That Anonymous Coward (profile) says:

Now I don’t use the tik of the toks so I am unsure of 1 little thing…

Media report claiming the threats were made anonymously.

I thought all the tikentokens had the username on the videos & while there are ways to be anonymous online most teenagers, despite being smarter than boomers, wouldn’t bother (or know how) doing them. While an IP isn’t a person locking it into a specific phone really makes it hard to be anonymous (given the huge data scooping happeneing every second of every day).

Dave says:

Because: Mainstream Media Wants Social Media Dead or Dumb

Excellent that you caught this, I noticed too.

This happens because the more social media is discredited, the more value old school media retains. And that’s important because that value is deflating at an unbelievable rate.
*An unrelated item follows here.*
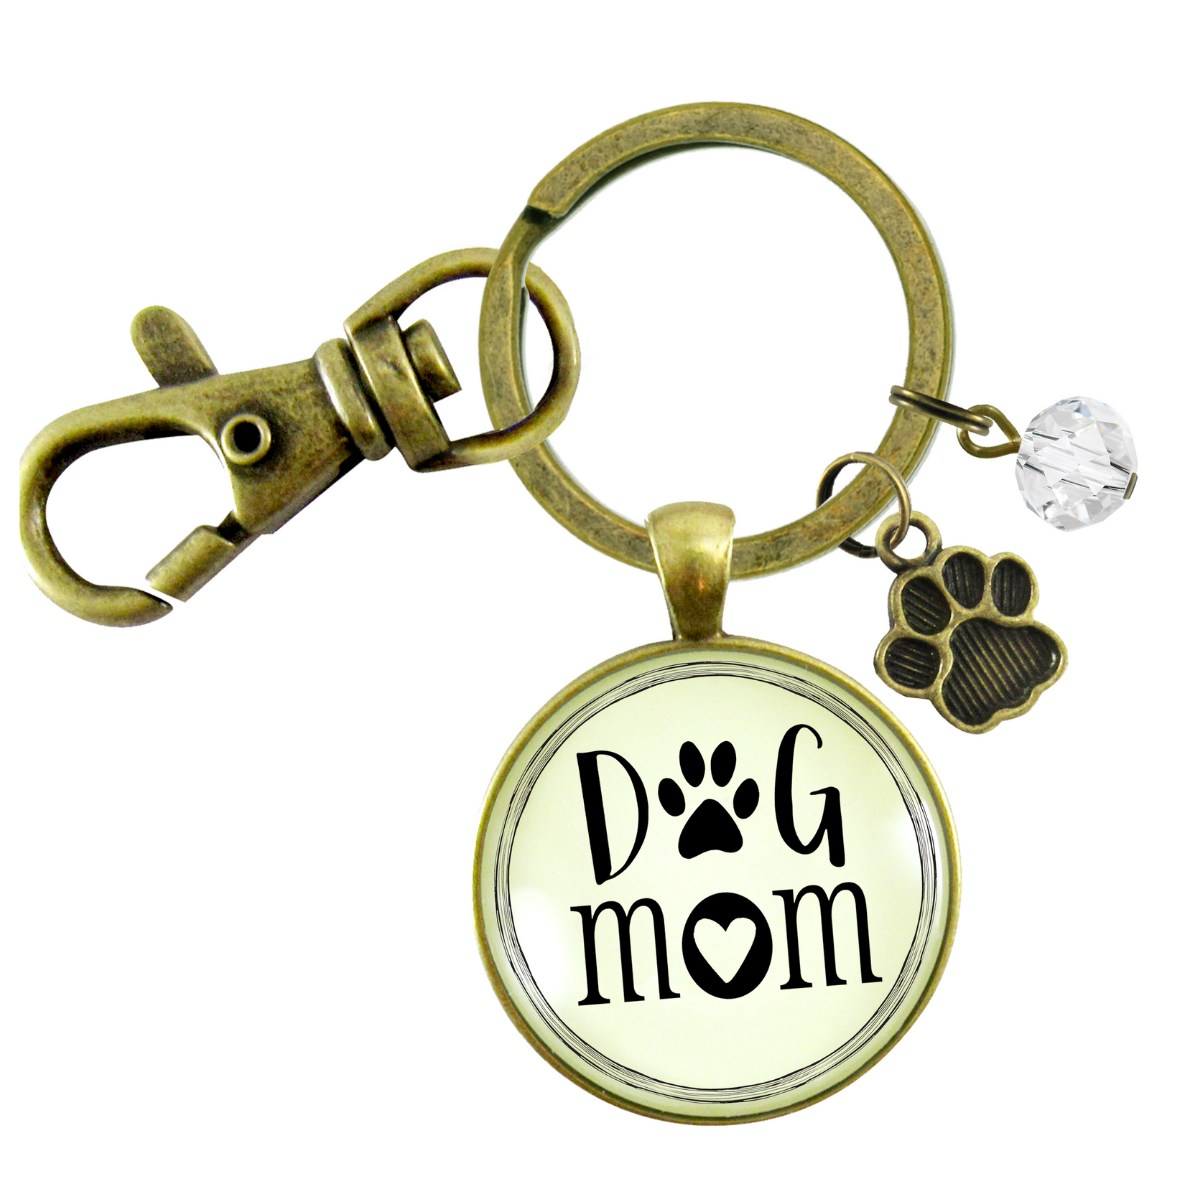 Dog Mom Keychain for Fur Mama Bronze Pendant Key Ring Pet Paw Charm - Gutsy Goodness Handmade Jewelry;Dog Mom Keychain For Fur Mama Bronze Pendant Key Ring Pet Paw Charm - Gutsy Goodness Handmade Jewelry Gifts

The collective strategy in my view is to highlight the dangers of low barrier publishing, as is the case with social media, and to accent its unreliability. That it also provides cheap content is just a side benefit.

ECA (profile) says:

All the world a stage, hope you get it,

ASK something you should know, but leave it up to the Answer from the people.
Decline to Answer, but have an anon, compete with alittle logic. "God said so". or refer to a site that Backs up the THING.
Keep it up over and over… Anyone that read beyond that point CANT fight back, its like 20 people debating 1 person.